I've finally got all of my HA VMs up again. The last one didn't
start
again until after I freed up more space in the storage domain than
what
was originally available when the VM was running previously. (It
now
has over 150GB of free space. Which should be more than enough, but
it
didn't boot with 140GB avaiable....)
SideNote:
I just found this in the logs on the original host that the HA VMs
were
running on:
---snip---
Jun 02 10:33:29 ryuki.codenet sanlock[1054]: 2022-06-02 10:33:29
674607
[1054]: s1 check_our_lease warning 71 last_success 674536
                                                      # semanage
fcontext -a -t virt_image_t '1055'
                                                      *****  Plugin
catchall (2.13 confidence) suggests   **************************
                                                      Then you
should
report this as a bug.
                                                      You can
generate
a local policy module to allow this access.

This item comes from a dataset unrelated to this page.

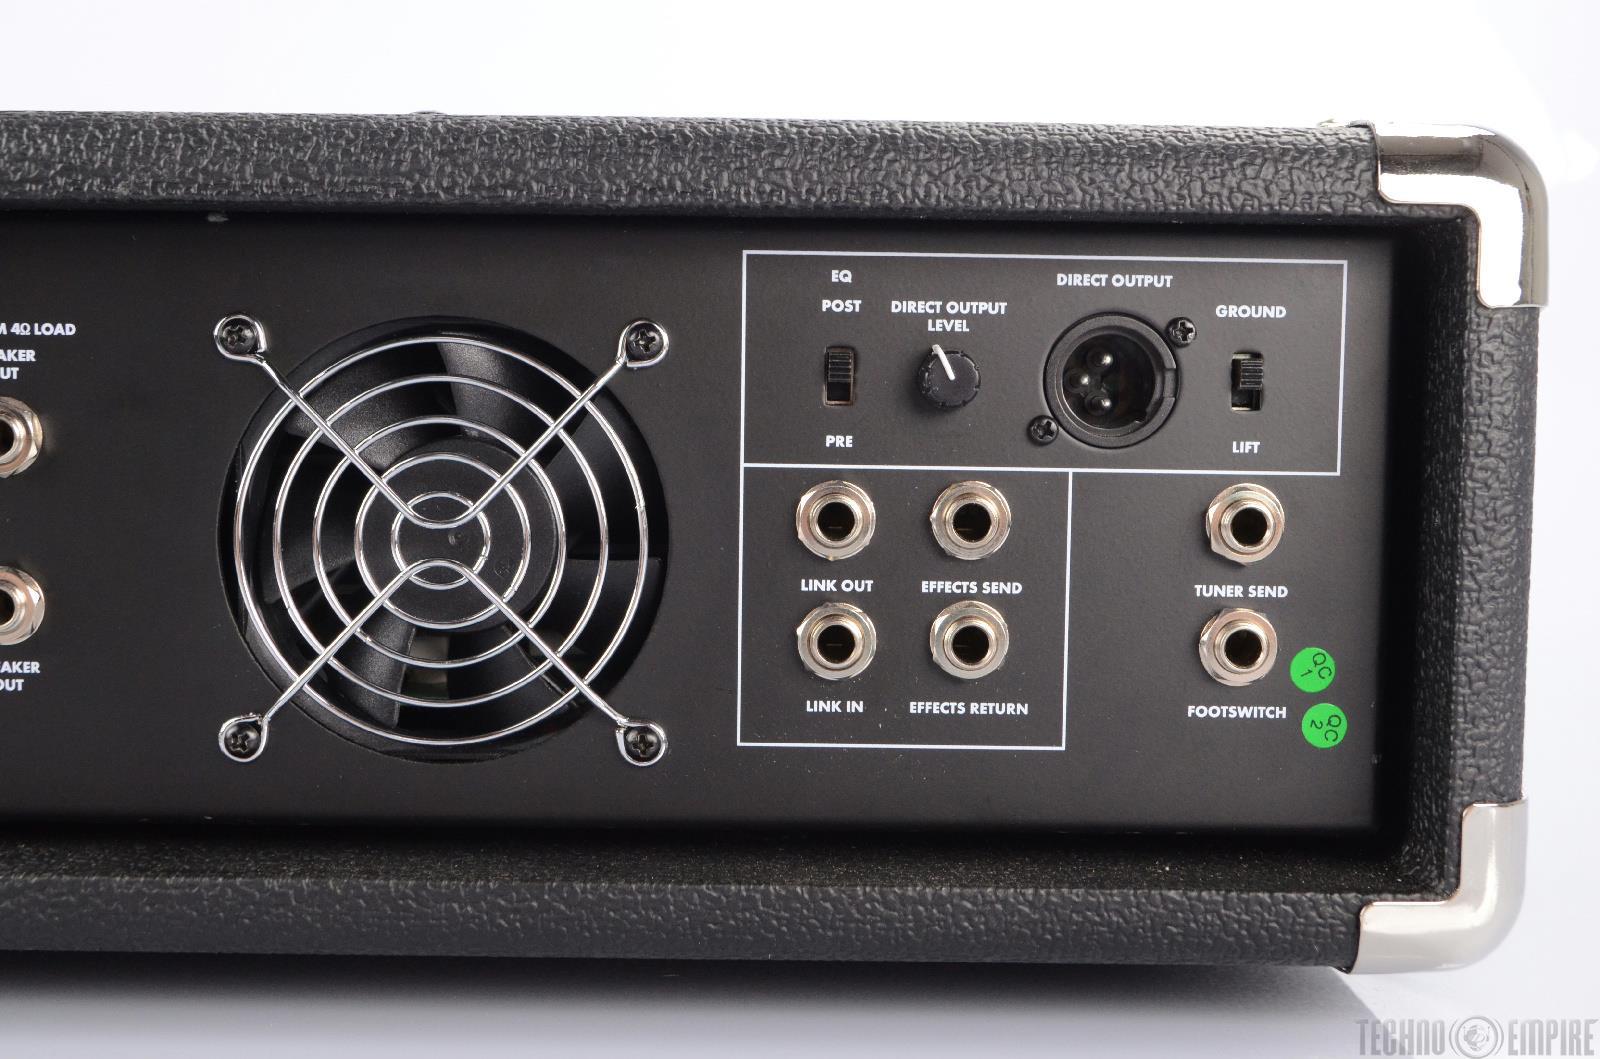 acoustic b800h 800w bass guitar amplifier amp head new 21830 ebay. Black Bedroom Furniture Sets. Home Design Ideas

                                                      Do
Not clear what is the selinux issue. If you run:
    ausearch -m avc
It should be more clear.
...
Jun 02 10:33:45 ryuki.codenet sanlock[1054]: 2022-06-02 10:33:45
674623
[1054]: s1 kill 3441 sig 15 count 8
Jun 02 10:33:45 ryuki.codenet sanlock[1054]: 2022-06-02 10:33:45
674623
[1054]: s1 kill 4337 sig 15 count 8
Jun 02 10:33:46 ryuki.codenet sanlock[1054]: 2022-06-02 10:33:46
674624
[1054]: s1 kill 3206 sig 15 count 9
This means that the host could not access the storage for 80 seconds,
and the
leases expired. When leases expire, sanlock must kill the process
holding the
lease. Here we see that sanlock send a SIGTERM to 3 processes.
If these are VMs, they will pause and libvirt will release the lease.
I can check the log deeper next week.
Nir
...
Jun 02 10:33:47 ryuki.codenet kernel: ovirtmgmt: port 4(vnet2)
entered
disabled state
---snip---
That looks like some SELinux failure.
-Patrick Hibbs
On Thu, 2022-06-02 at 19:44 +0300, Nir Soffer wrote:
...
On Thu, Jun 2, 2022 at 7:14 PM Patrick Hibbs
<hibbsncc1701@gmail.com>
wrote:
...
OK, so the data storage domain on a cluster filled up to the
point
that
the OS refused to allocate any more space.
This happened because I tried to create a new prealloc'd disk
from
the
Admin WebUI. The disk creation claims to be completed
successfully,
I've not tried to use that disk yet, but due to a timeout with
the
storage domain in question the engine began trying to fence all
of
the
HA VMs.
The fencing failed for all of the HA VMs leaving them in a
powered
off
state. Despite all of the HA VMs being up at the time, so no
reallocation of the leases should have been necessary.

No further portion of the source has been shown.